Illustration by Bill Bragg
Illustration by Bill Bragg

I have no idea. When it comes to arguing for a determinate meaning, well… I would prefer not to. I suppose the film counterpart for this tale is Peter Sellers’ Being There, in which a man who is essentially a blank slate becomes a canvas for everyone else’s vision… but he still remains an enigma.

Yet the story always intrigues me. On this reading, what struck me was the strange hold Bartleby has on his employer. What can the most moral, caring person in the world do when captivated by the suffering of another (for there is no question that Bartleby is not all right) if the needy person won’t receive help? Bartleby’s only vocabulary is rejection and deferral. How then can he be helped to any positive action?

The other idea that always occurs to me is the suspicion that I have an inner Bartleby. (Can I comfort myself that everyone does?) Deferring preferences can be an easier default than creating a positive vision for oneself: “Not sure I want to do that… Or that… Not feeling very confident about that… Almost that, but… not quite. I would prefer not to.” How many people’s progress through life seems gentle — almost as though it is dictated more by gravitational pull than by will, or preference.

As a college student, the tale interested me intellectually. I wanted to “figure it out,” a desire available mostly because it never occurred to me that a story could be forever baffling and inconclusive.
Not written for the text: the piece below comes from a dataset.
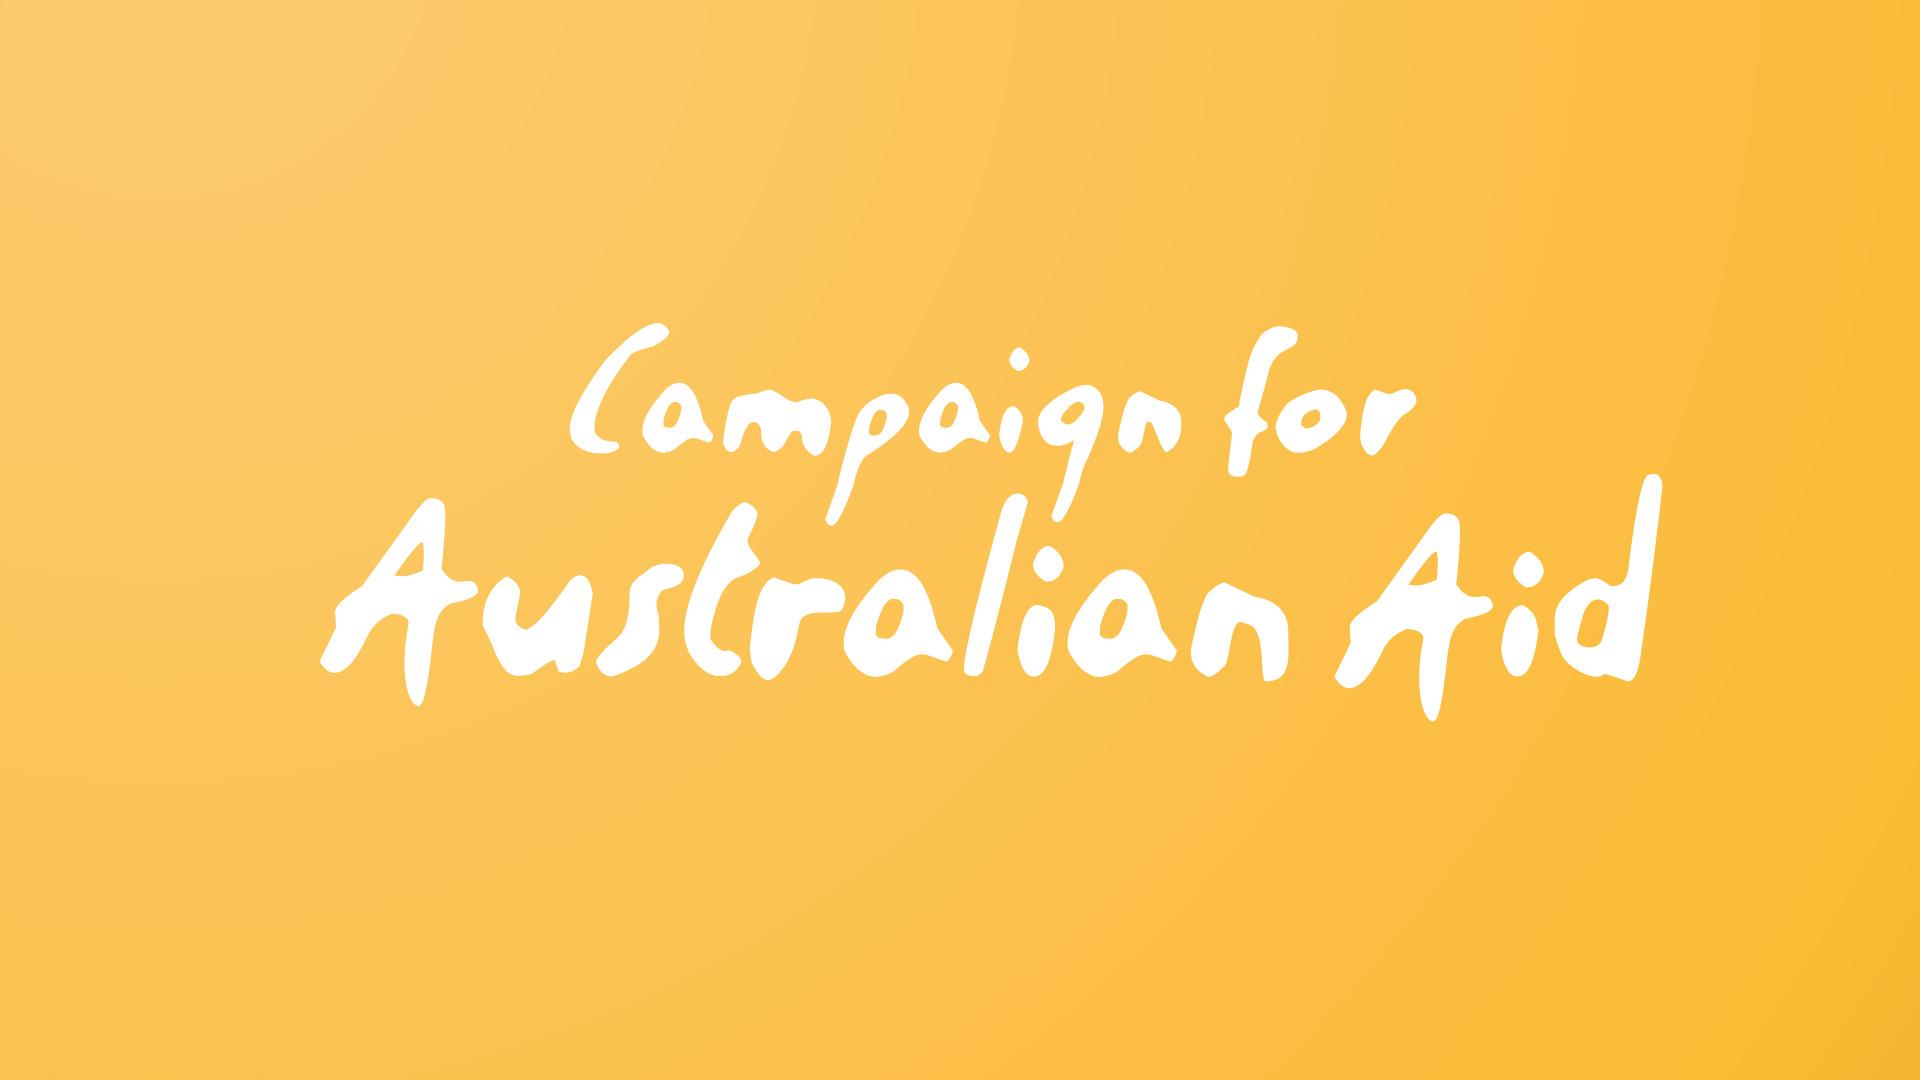 Campaign for Australian Aid

Still less would it have occurred to me that I would like a baffling, inconclusive story.

Yet I do. I enjoy returning to stories for just this reason. They, and I, grow in our relationship. My appreciation for Melville’s Bartleby is deeper now; Bartleby’s bewildering paralysis, and his employer’s ultimately unsuccessful compassion, touch my heart. “Ah, Bartleby,” the narrator laments at the end, “Ah, humanity!” On a much smaller scale than Moby Dick, Bartleby the Scrivener gives us a glimpse of the same world, one in which our human experience skates on the infinite. One need look no further than the human heart.
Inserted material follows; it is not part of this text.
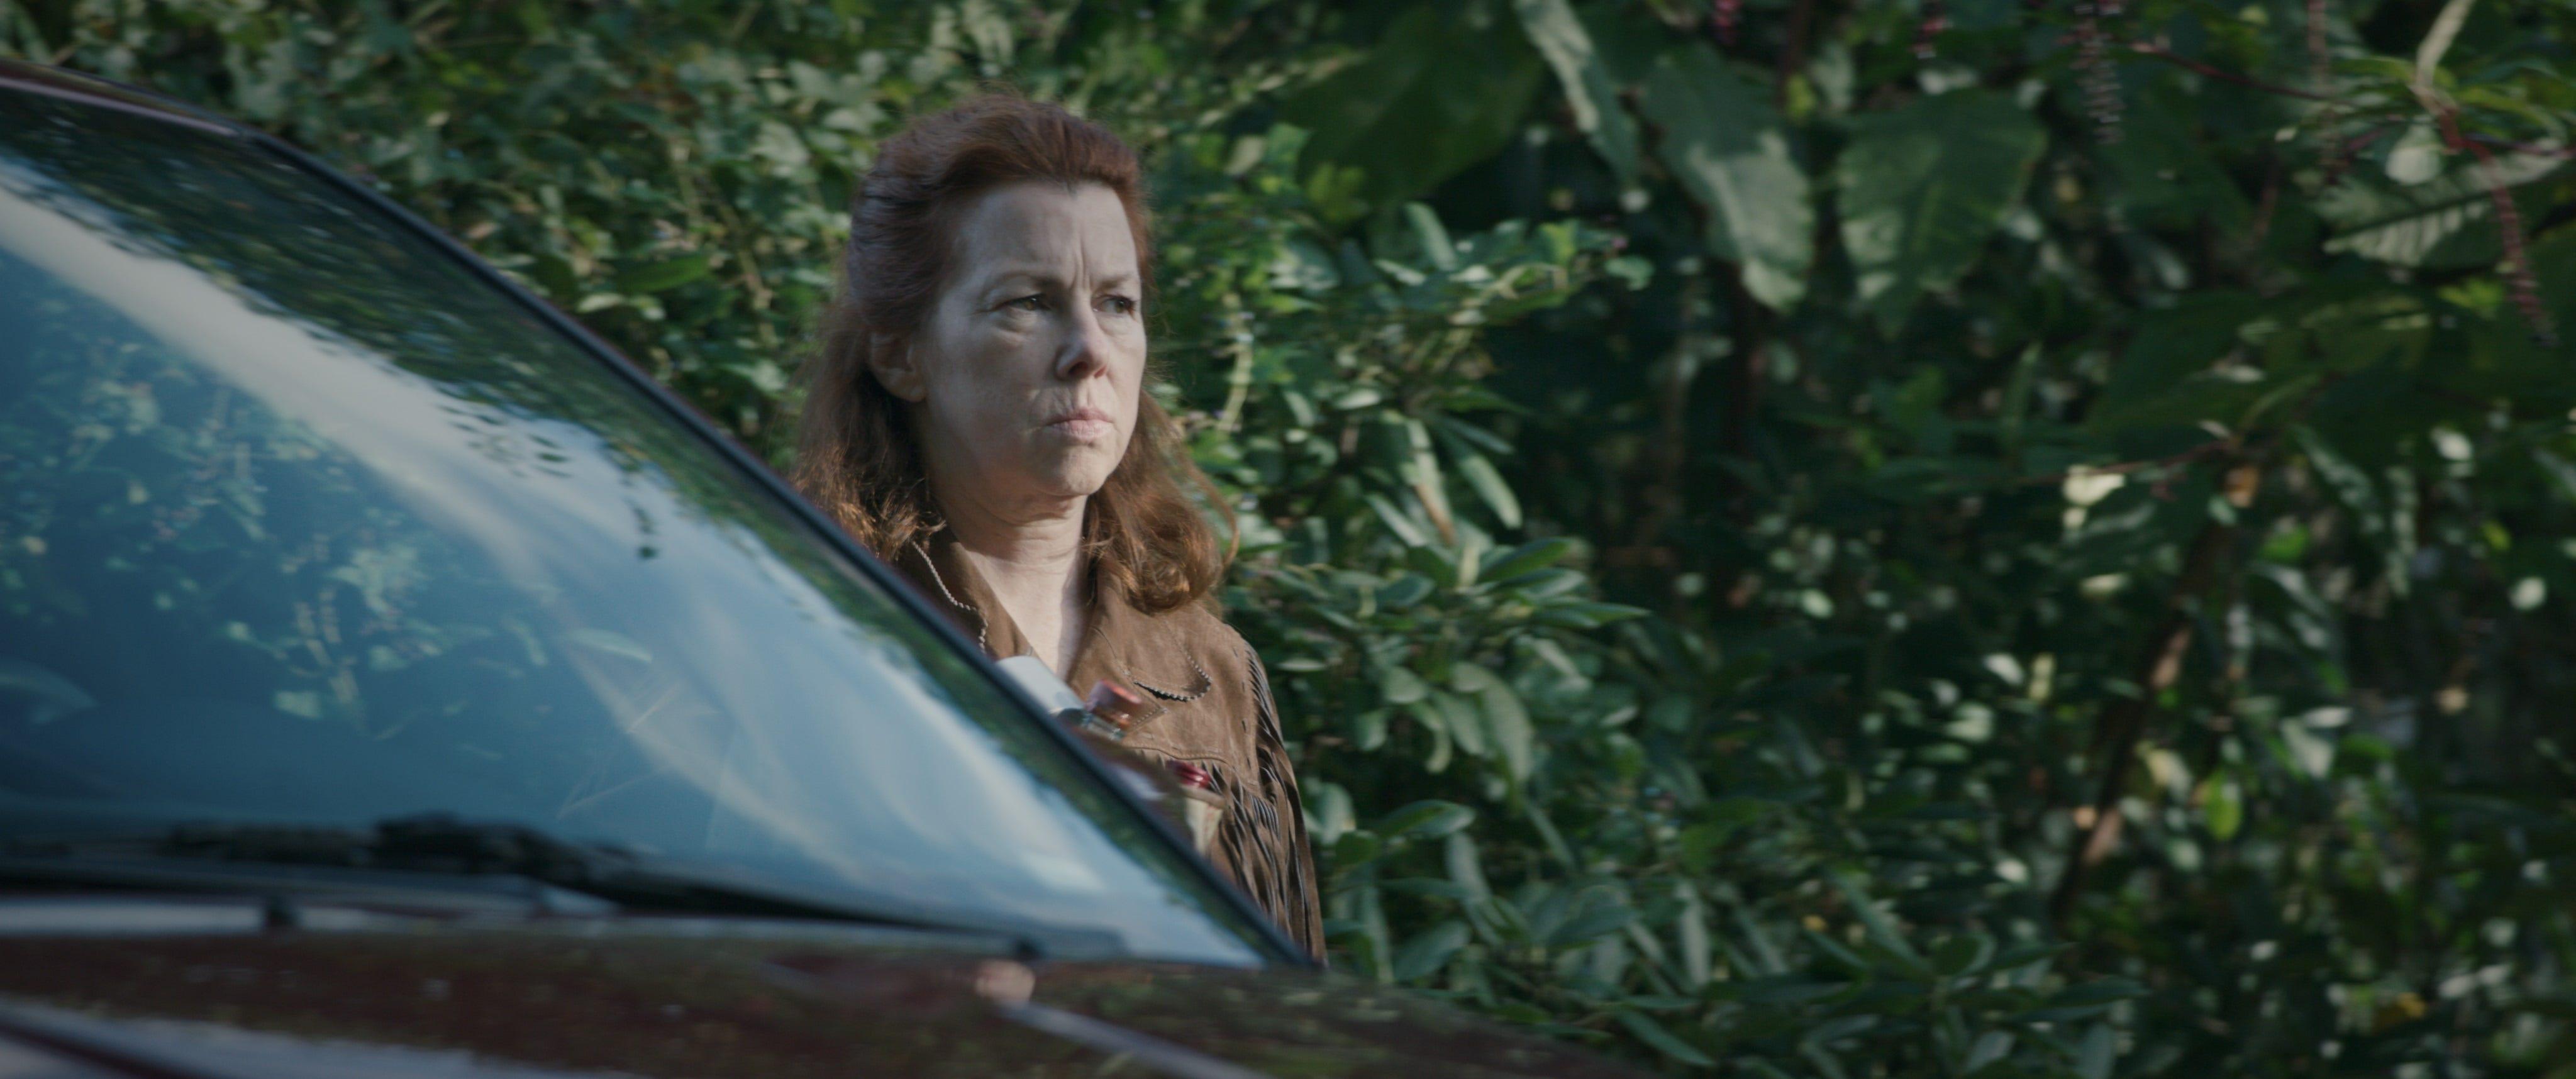 Siobhan Fallon Hogan of  Men in Black,   Forrest Gump  writes, stars in NJ film  Rushed

There is actually a Librivox recording of the entire book here. The full text of the story is also available online here.

5 Comments

    • Janet

      That was a momentous class in several ways, wasn’t it? You met Steve. I was captured by literary study. And I made one of my favorite friends. :-) Someday we will hang out again!

  • Barbara H.

    I don’t think I have ever heard of this one. I tend not to like “baffling, inconclusive stories,” but I can see the appeal of both trying to figure it out plus thinking about it different ways at different readings. I think I have an inner Bartleby, too. I’m not sure that’s a good thing. Whatever his reasons were for “preferring not to,”mine tend to emanate from either indecision or procrastination or a soft rebellion. It wasn’t until my husband and I worked with a children’s ministry years ago that I realized there even was such a thing as soft rebellion. Usually when we think “rebellious,” we picture folded arms, stamping feet, frowns, and harsh words. But we had one little girl there then who would very sweetly refuse to do anything we asked her. Then that spilled over into other kids not wanting to do what was asked. Argh! And, funny, but I can’t remember now how we handled it. I think this usually happened at game time, and I think we eventually sent her off with someone else so she didn’t have to participate but wouldn’t drag half the other kids into not wanting to participate as well. I’m not sure why she refused – I don’t think it was because she couldn’t or felt awkward about her abilities to play (one of my own reasons for not liking game times in such settings). She had a bit of a glint in her eye while refusing, even while she spoke sweetly. Anyway – I can tend to avoid doing what I don’t want to do not by screaming and protesting but by…just not doing it.